***** Data for analysis *****
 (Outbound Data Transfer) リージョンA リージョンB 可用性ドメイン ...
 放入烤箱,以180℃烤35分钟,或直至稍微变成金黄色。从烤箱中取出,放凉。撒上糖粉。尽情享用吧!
*****
***** Data for analysis *****
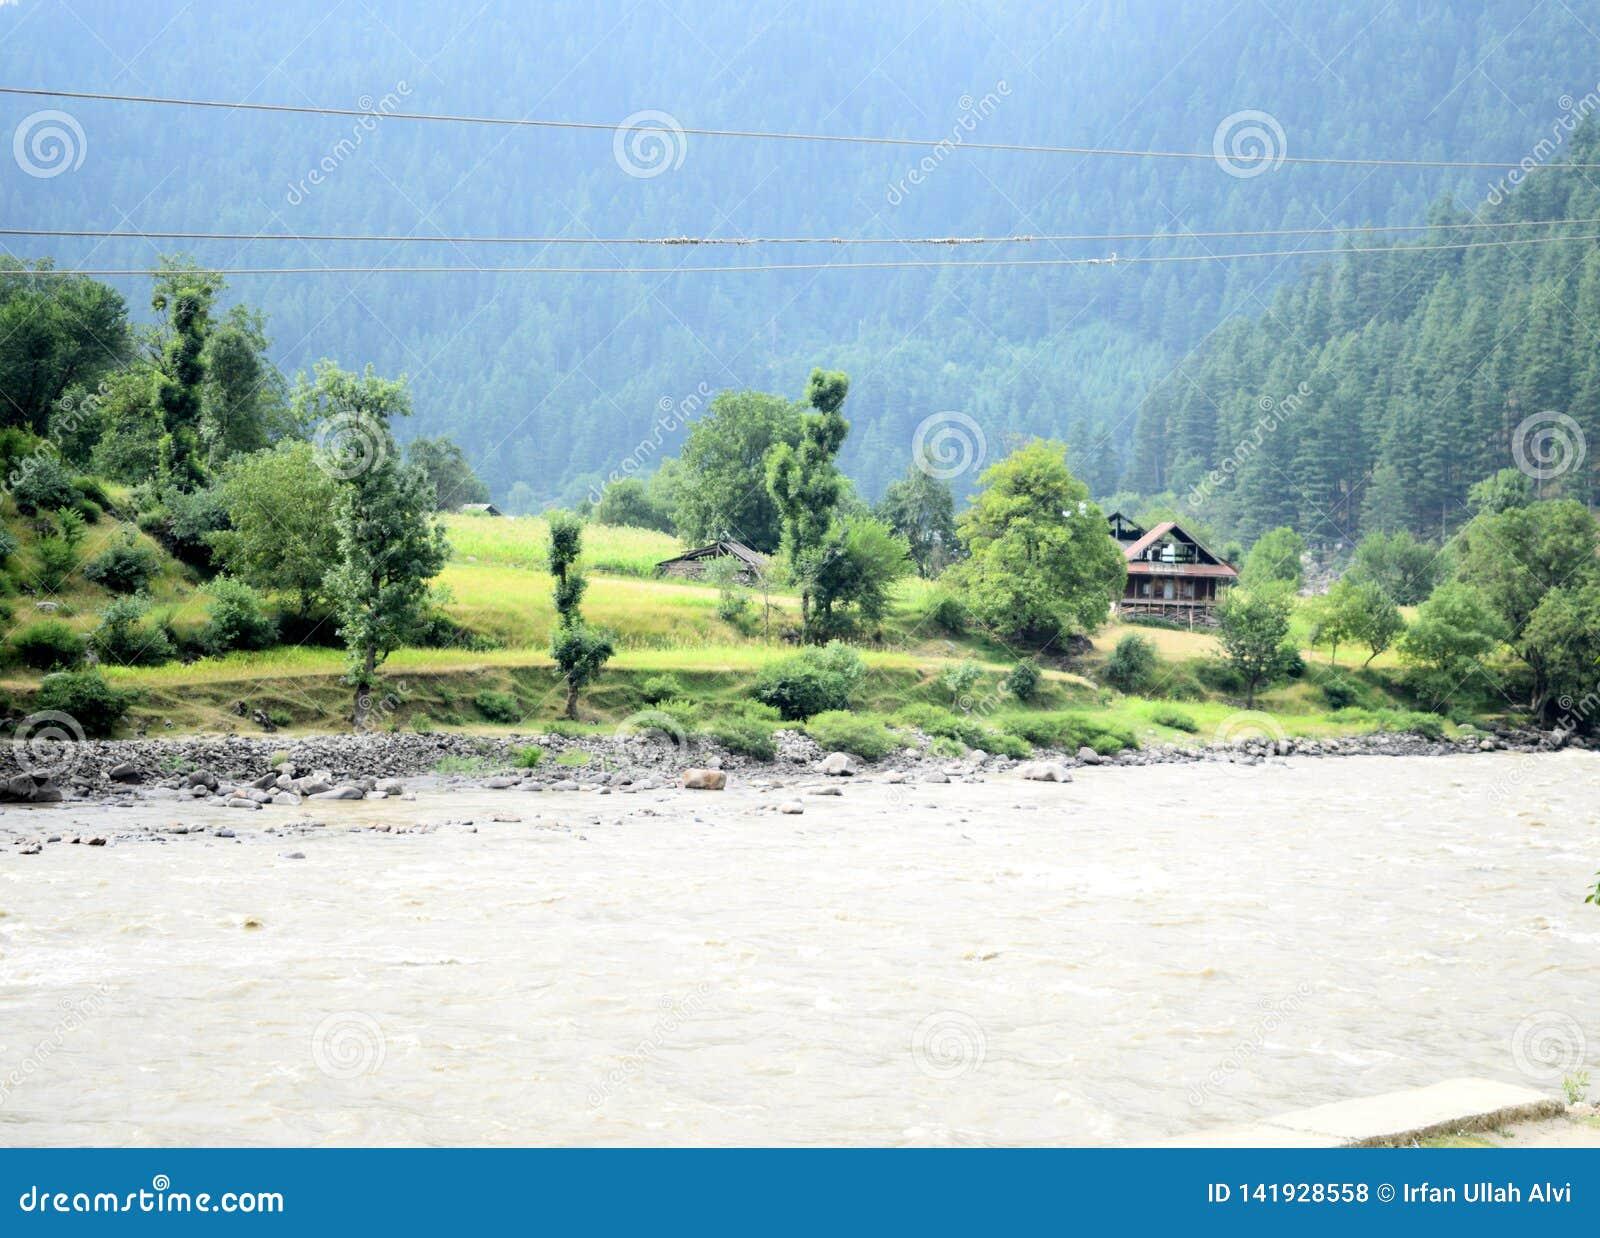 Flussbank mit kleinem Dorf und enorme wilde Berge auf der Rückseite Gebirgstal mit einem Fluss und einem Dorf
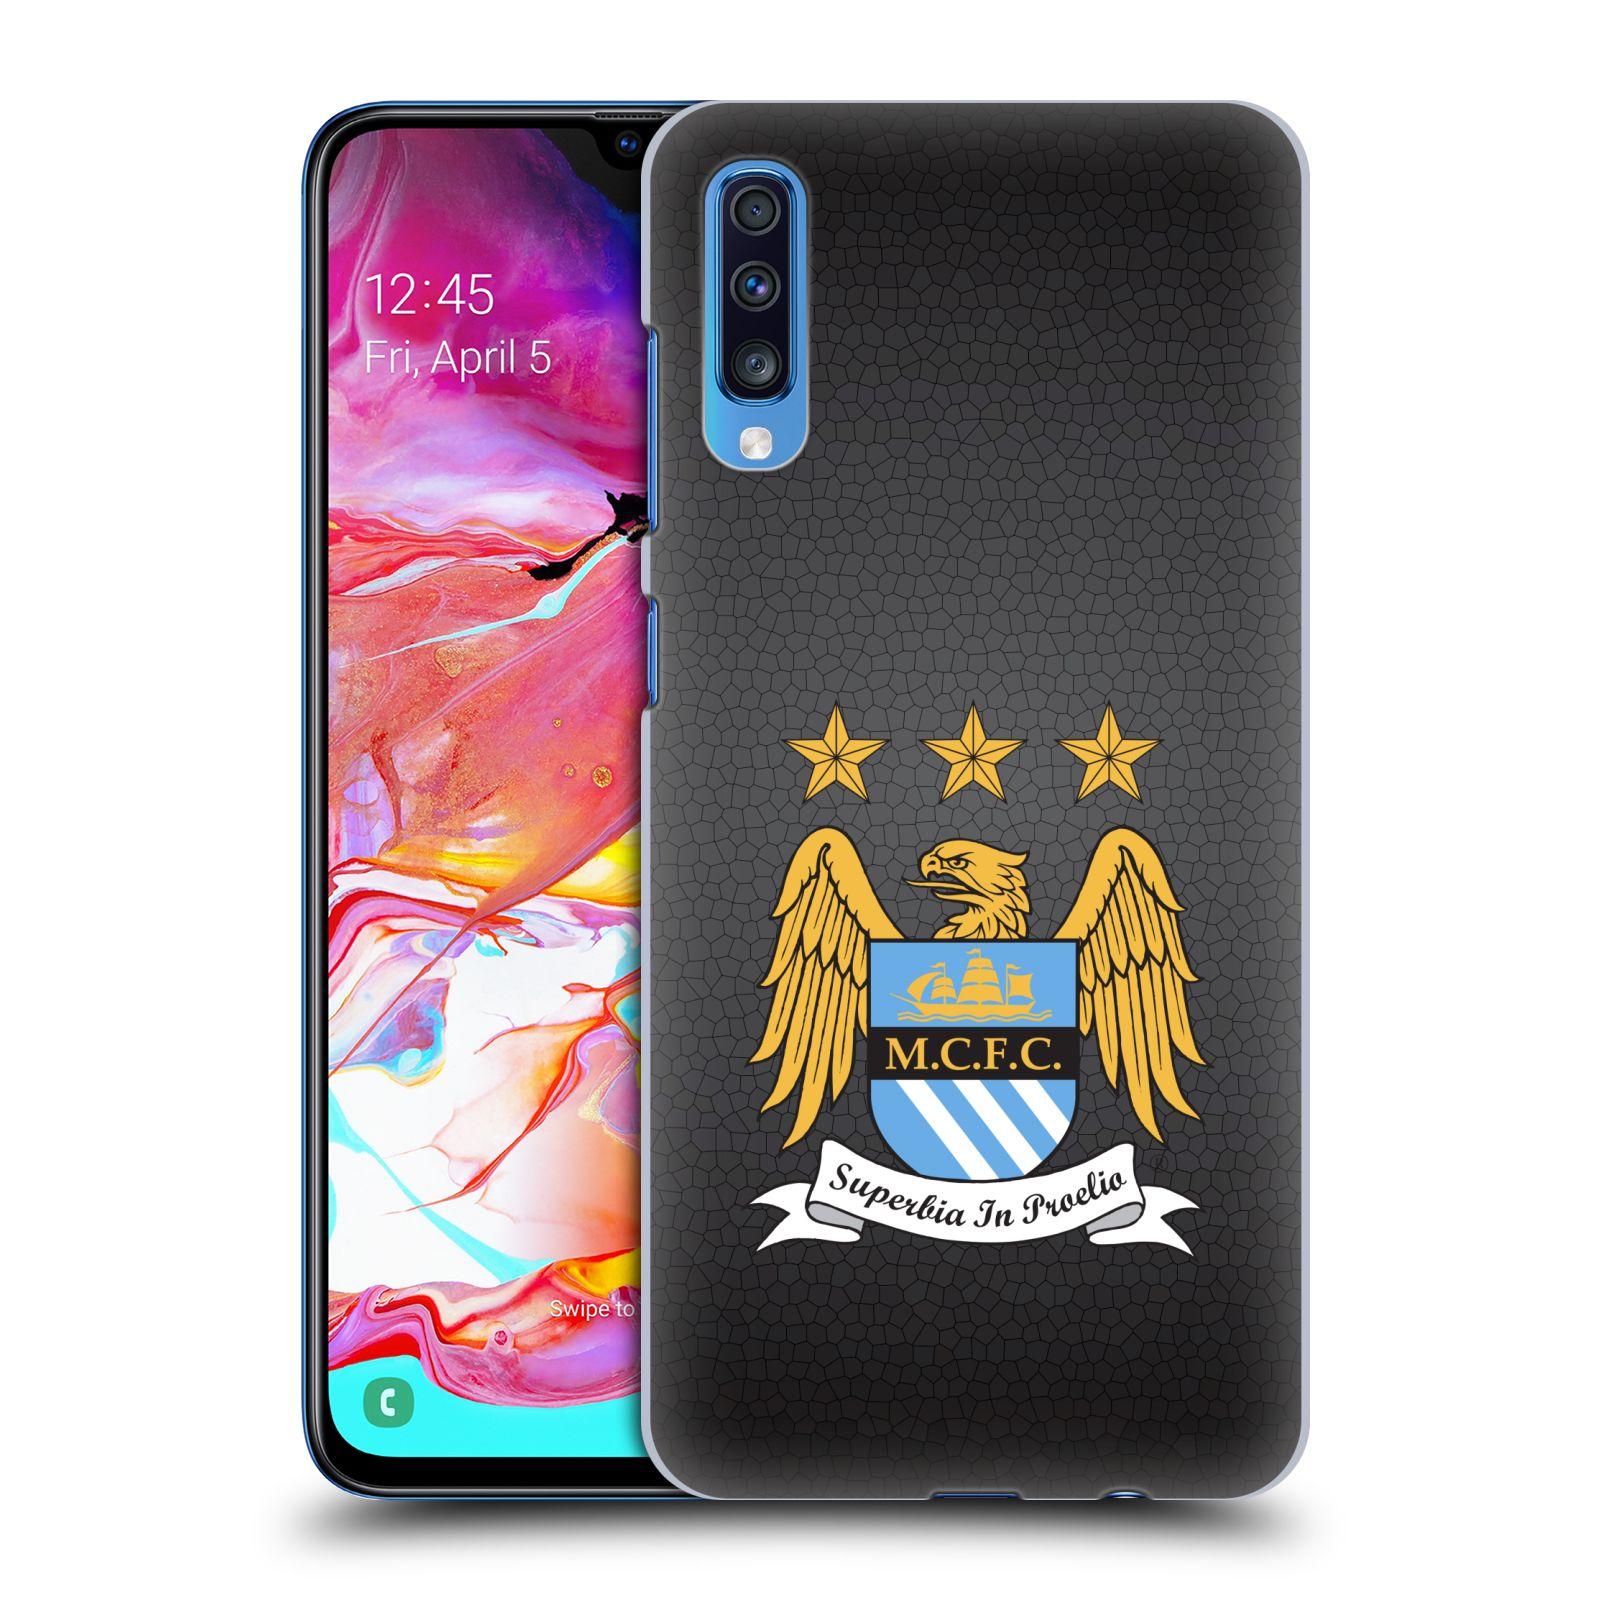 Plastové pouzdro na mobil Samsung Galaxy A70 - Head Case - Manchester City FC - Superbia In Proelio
*****
The answer must be the lines above from the one containing "Flussbank mit kleinem" through the one containing "Plastové pouzdro na", reproduced exactly, with no pictures and nothing else.

_Written reply_
 Flussbank mit kleinem Dorf und enorme wilde Berge auf der Rückseite Gebirgstal mit einem Fluss und einem Dorf
 Plastové pouzdro na mobil Samsung Galaxy A70 - Head Case - Manchester City FC - Superbia In Proelio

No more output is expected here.